Now, to actually inspect the previously stored logs. First switch to root
user. Run journalctl --list-boots
. This will give you list like this:
-3 620d709db36440dc9a0b165f85f9f346 Sun 2020-03-08 18:58:41 CET—Fri 2020-04-03 08:29:25 CEST
-2 89a7ba7725ab4ac5bc91517d29fbc31e Fri 2020-04-03 08:33:19 CEST—Fri 2020-04-03 08:35:02 CEST
-1 e93ec544729f4008ac126b80b4b0c207 Fri 2020-04-03 08:35:53 CEST—Sun 2020-04-05 15:21:16 CEST
0 58a205834d2d4d7b9b228d8a126b9e81 Sun 2020-04-05 15:21:40 CEST—Fri 2020-04-10 14:57:49 CEST
Based on the dates and times, choose from which boot you want to see logs. For example, to view logs from boot with id -2
with log level err
or higher:
~ $ journalctl -b -2 -p err
-- Logs begin at Sun 2020-03-08 18:58:41 CET, end at Fri 2020-04-10 14:59:59 CEST. --
apr 03 08:33:21 my-pc bluetoothd[1187]: ...

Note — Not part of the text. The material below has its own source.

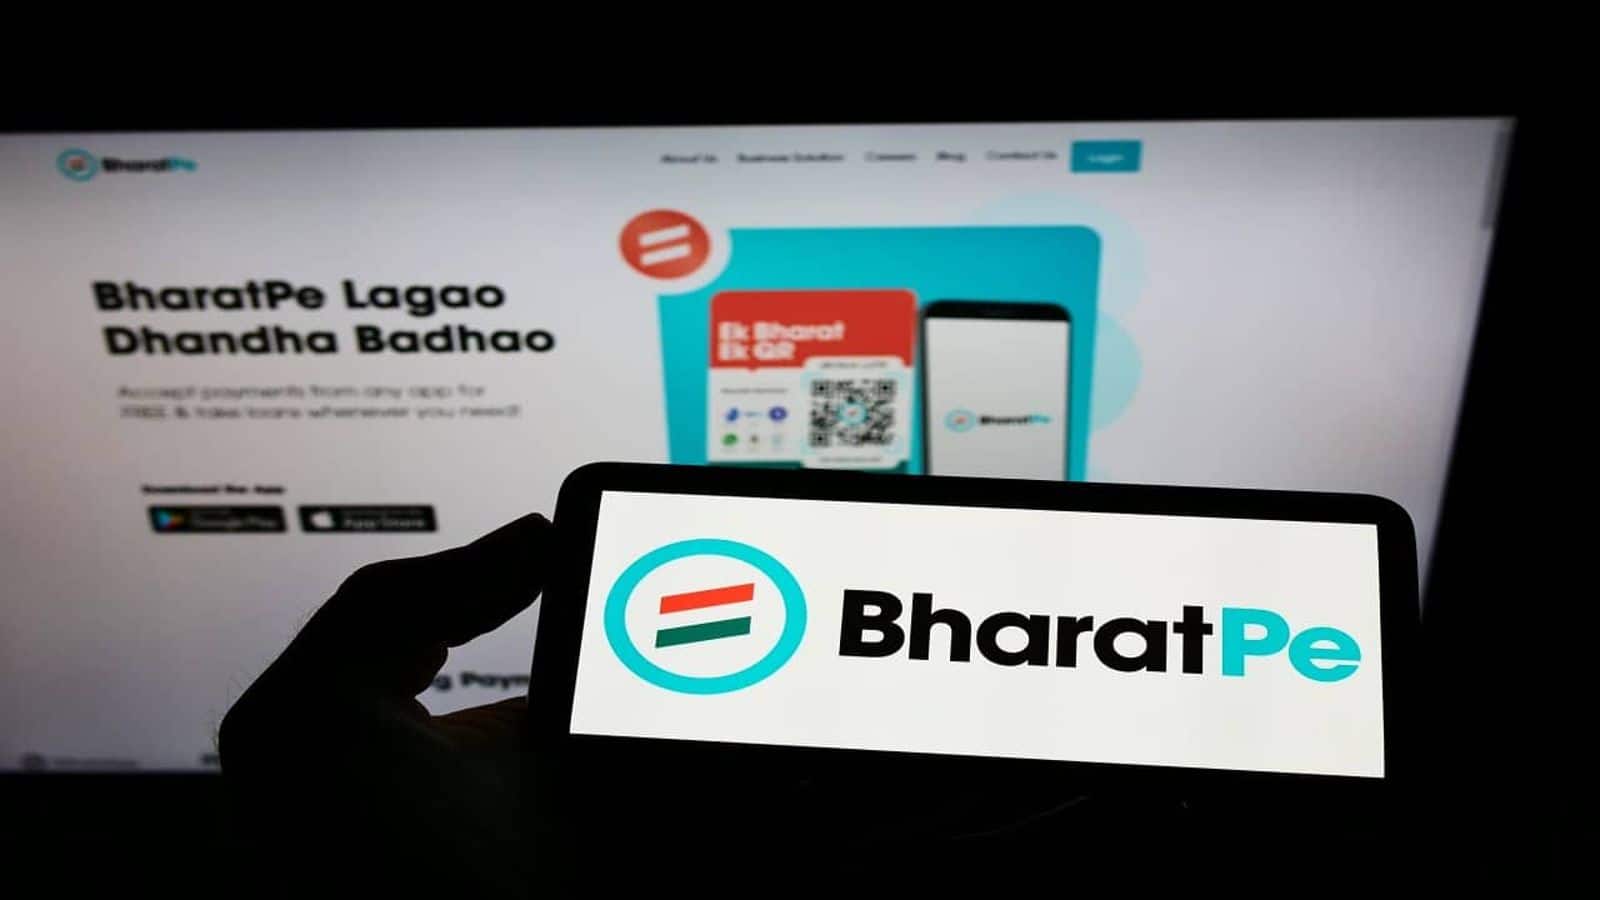 Meet Bharatpe One: An all-in-one payment device for merchants

apr 03 08:33:25 my-pc bluetoothd[1187]: ...
apr 03 08:33:25 my-pc kernel: ...
apr 03 08:33:36 my-pc wpa_supplicant[1198]: ...
apr 03 08:33:36 my-pc wpa_supplicant[1198]: ...
...
If the logs above are not enough to troubleshoot your issues, then there are other log files to check:
/var/log/messages
- Most of the syslog messages should be here./var/log/boot.log
- System startup messages (Not related to syslog)
Alternatively, if you can't boot your machine normally, then you can access emergency.target
as shown above a view logs there the same way.
Conclusion
There is a lot more that can go wrong with Linux machine than what I shown in sections above. These examples/approaches though, can be applied to variety of other problems that you might encounter. Also, not all of them are life-and-death kind of a situation, but it's always preferable to be able solve them rather quickly, especially if this problematic machine is a production system. Solving most of the issues depends of getting the right information and being able to restore previous configurations, therefore it's crucial to always store logs and to backup critical files on your system before modifying them.